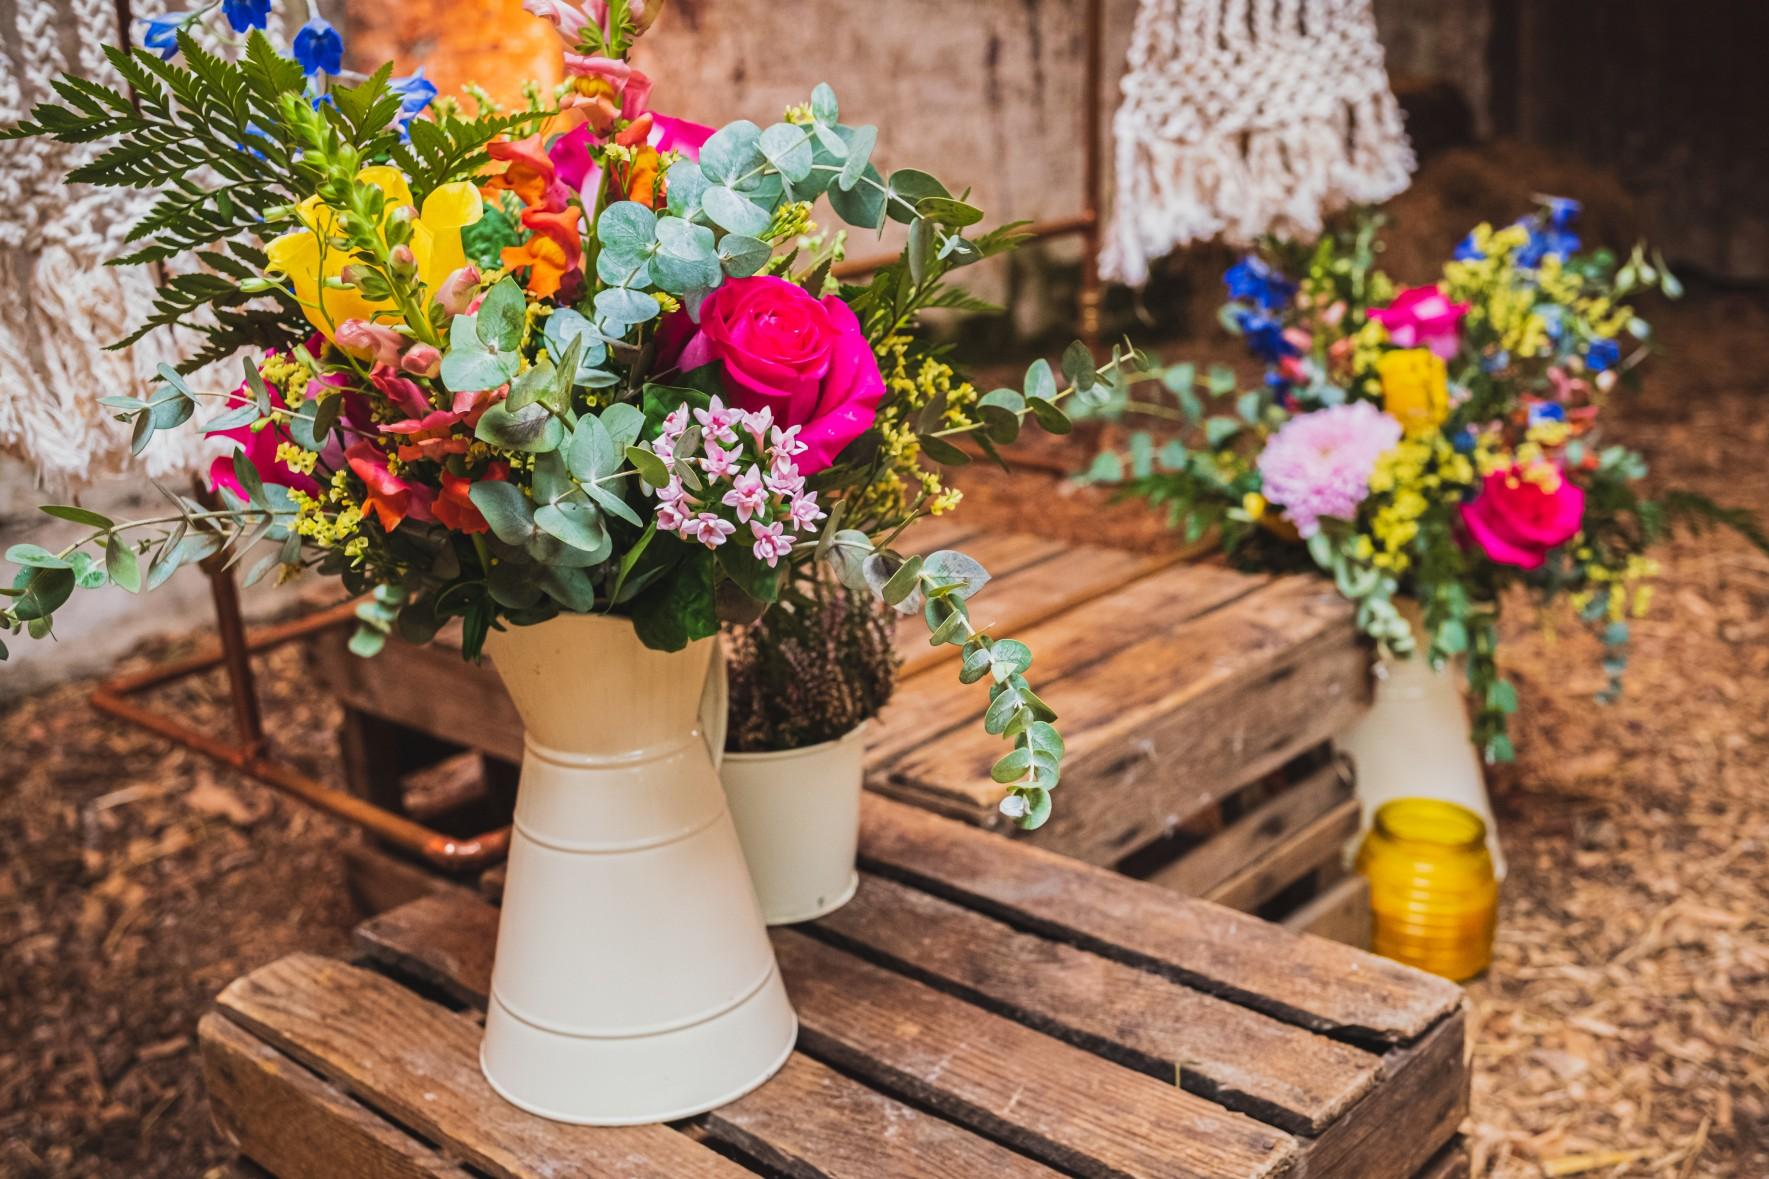 unique wedding flowers - boho wedding flowers - colourful wedding flowers - bright wedding flowers - unconventional wedding
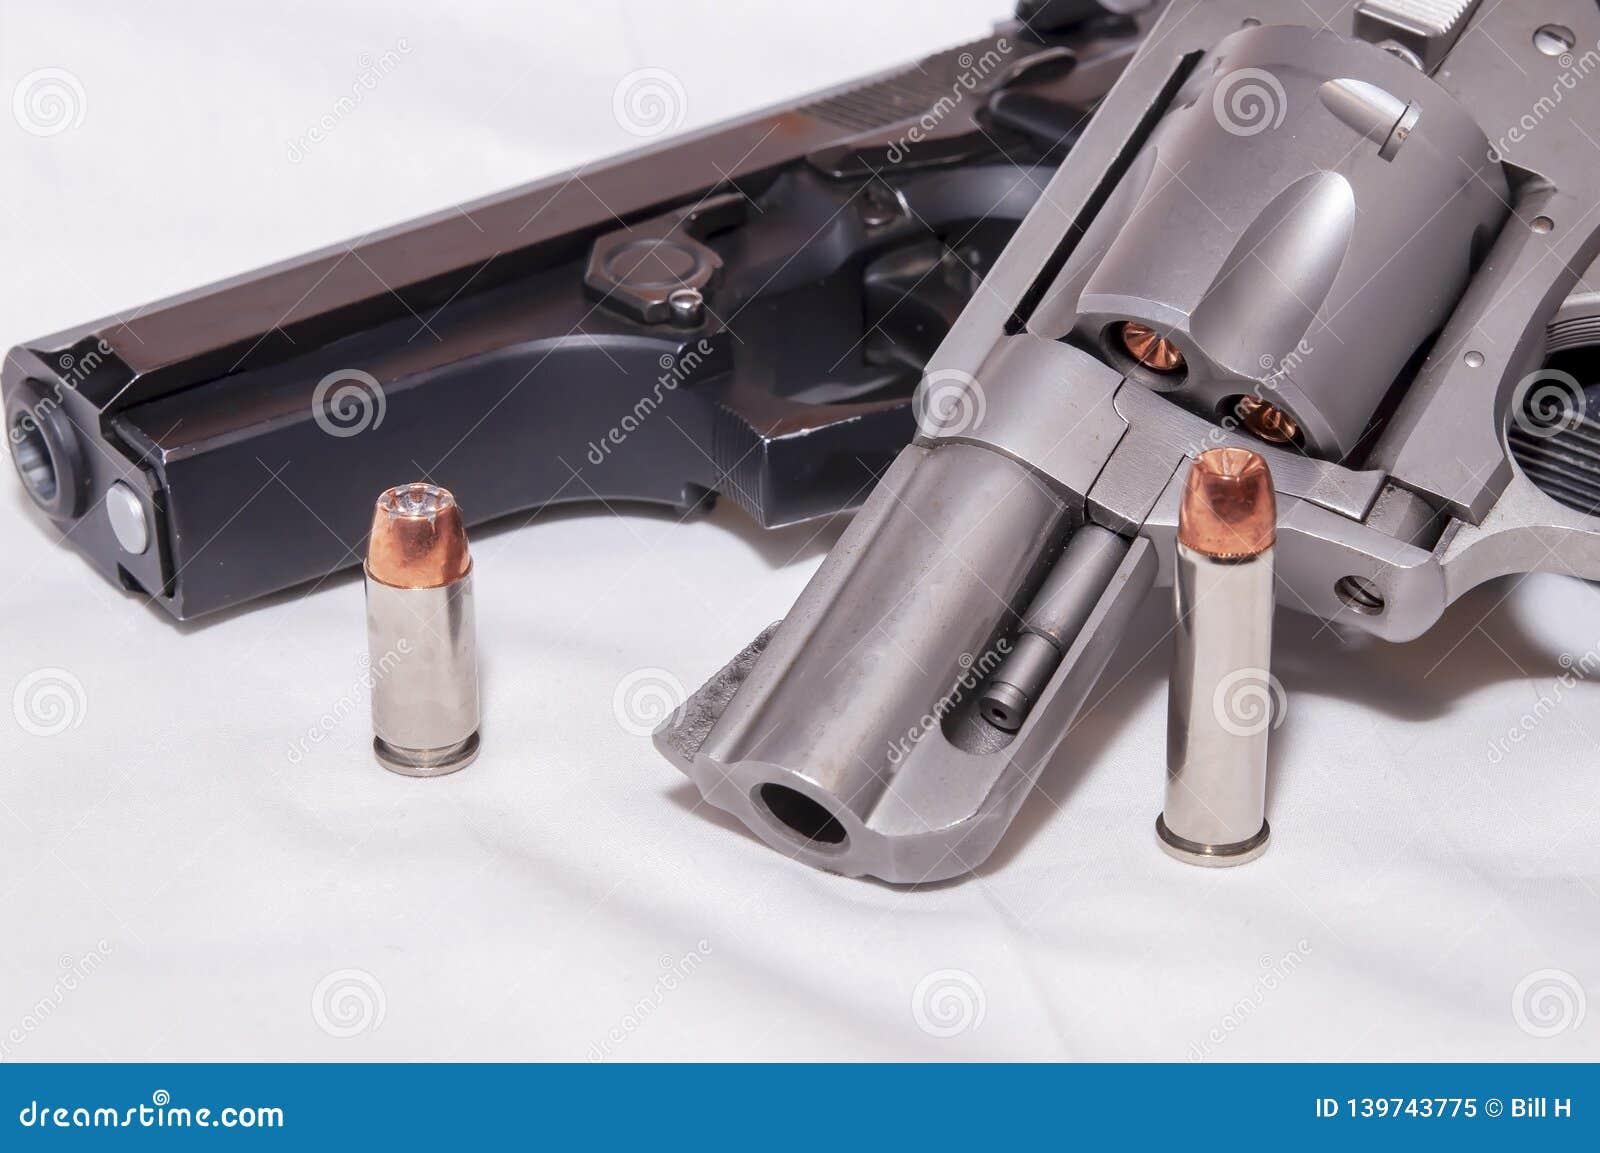 Two Handguns, A 357 Magnum Revolver And A Black 40 Caliber Pistol
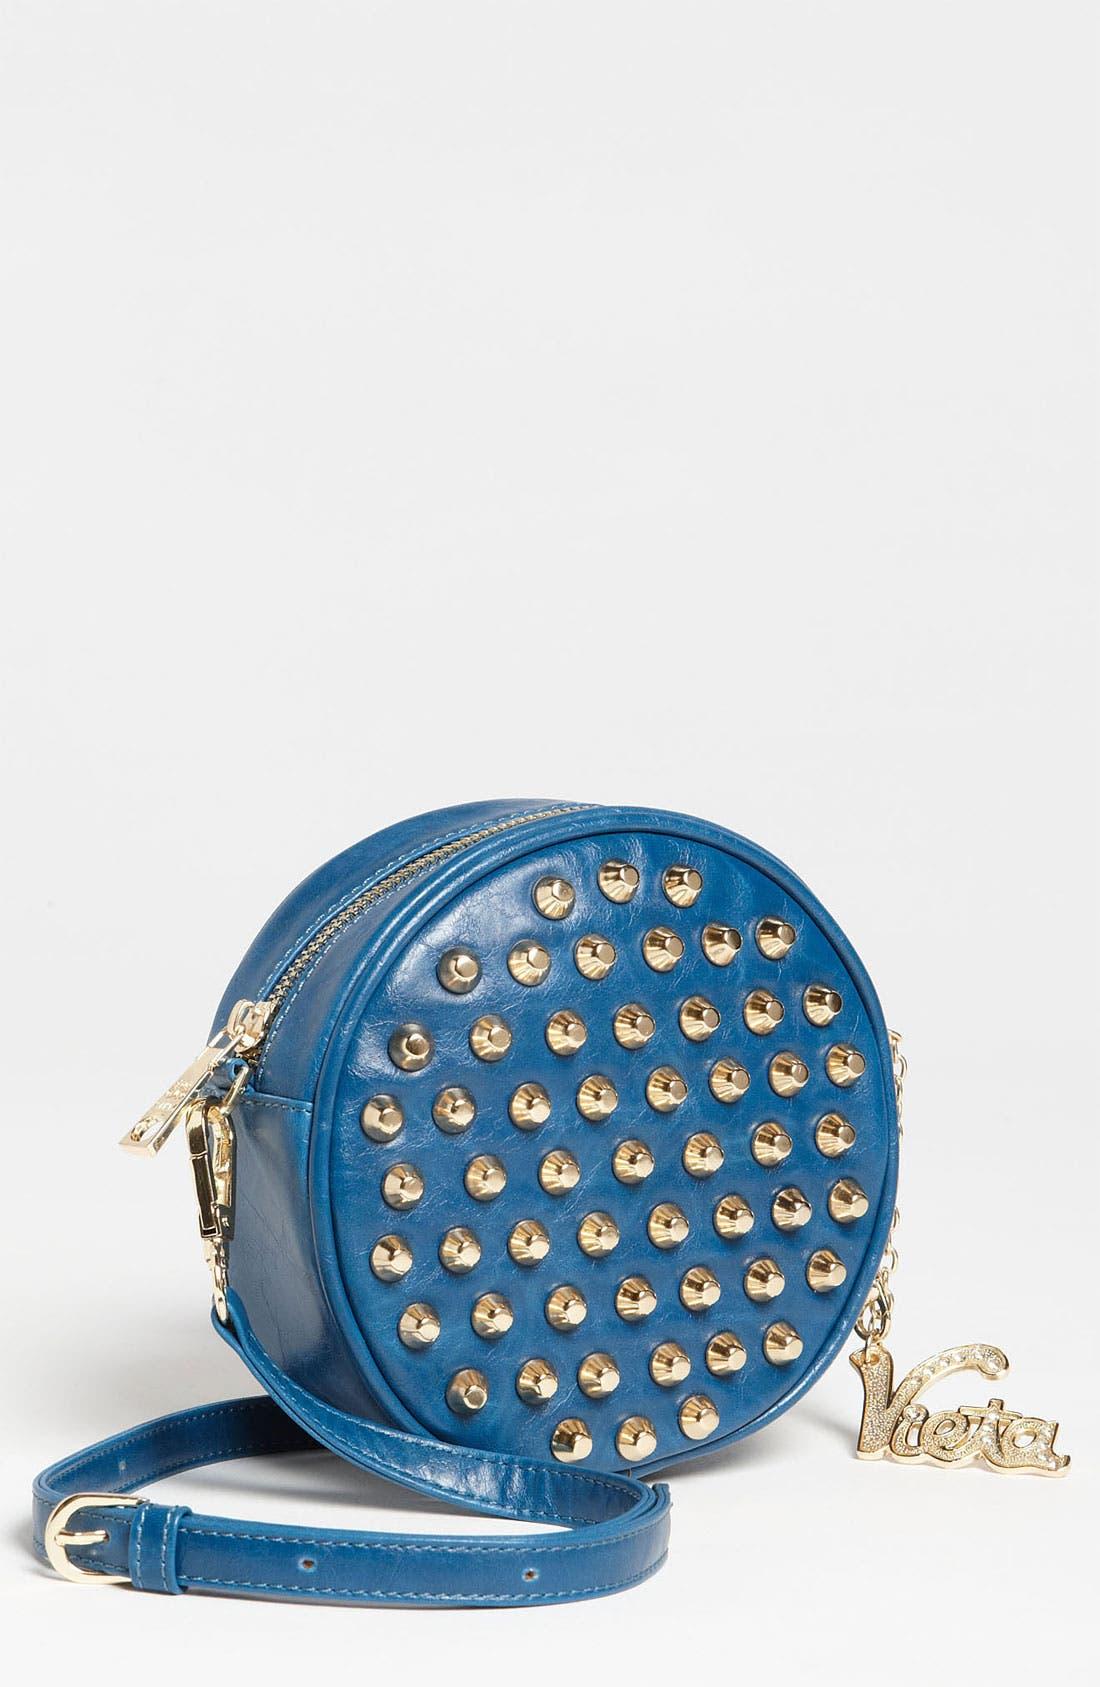 Main Image - Vieta 'Sikey' Crossbody Bag
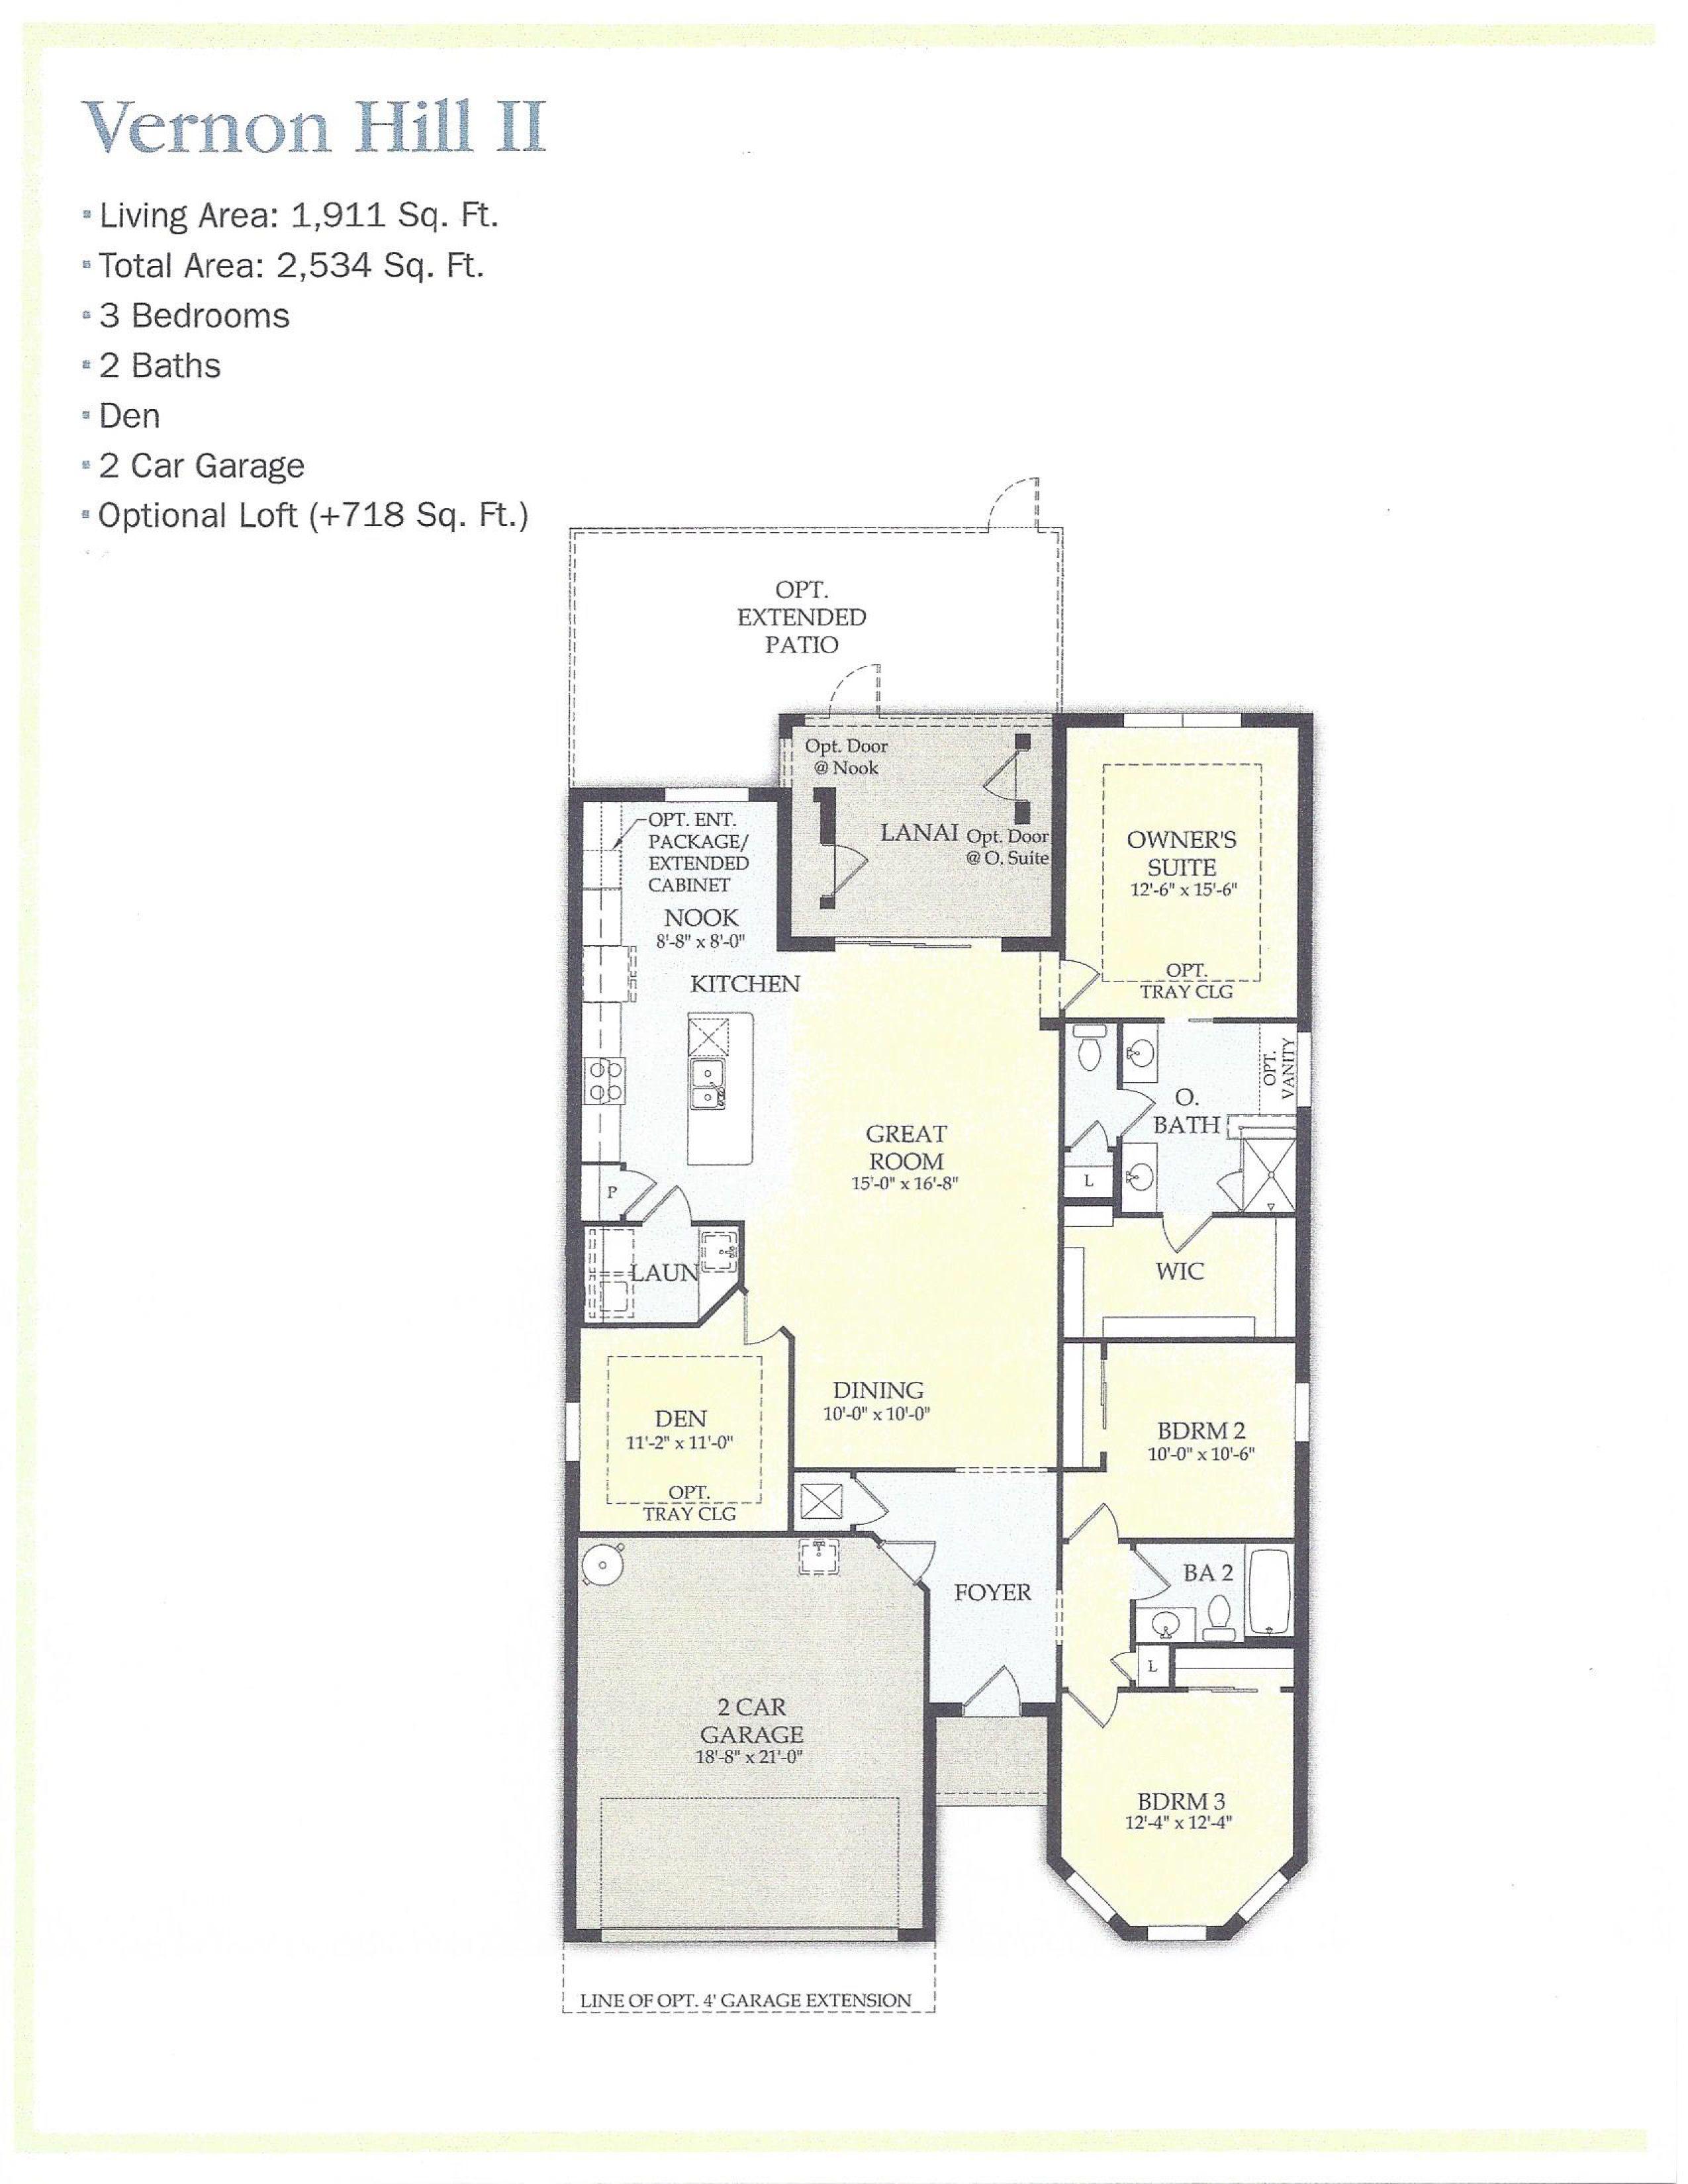 Vernon Hill Ii Floor Plan Camden Lakes Naples Fl Naples Real Estate Floor Plans Pulte Homes

Exercise aim: Write the material out again exactly. Skip each picture.

Worked solution:
 unique wedding flowers - boho wedding flowers - colourful wedding flowers - bright wedding flowers - unconventional wedding
 Two Handguns, A 357 Magnum Revolver And A Black 40 Caliber Pistol
 Main Image - Vieta 'Sikey' Crossbody Bag
 Vernon Hill Ii Floor Plan Camden Lakes Naples Fl Naples Real Estate Floor Plans Pulte Homes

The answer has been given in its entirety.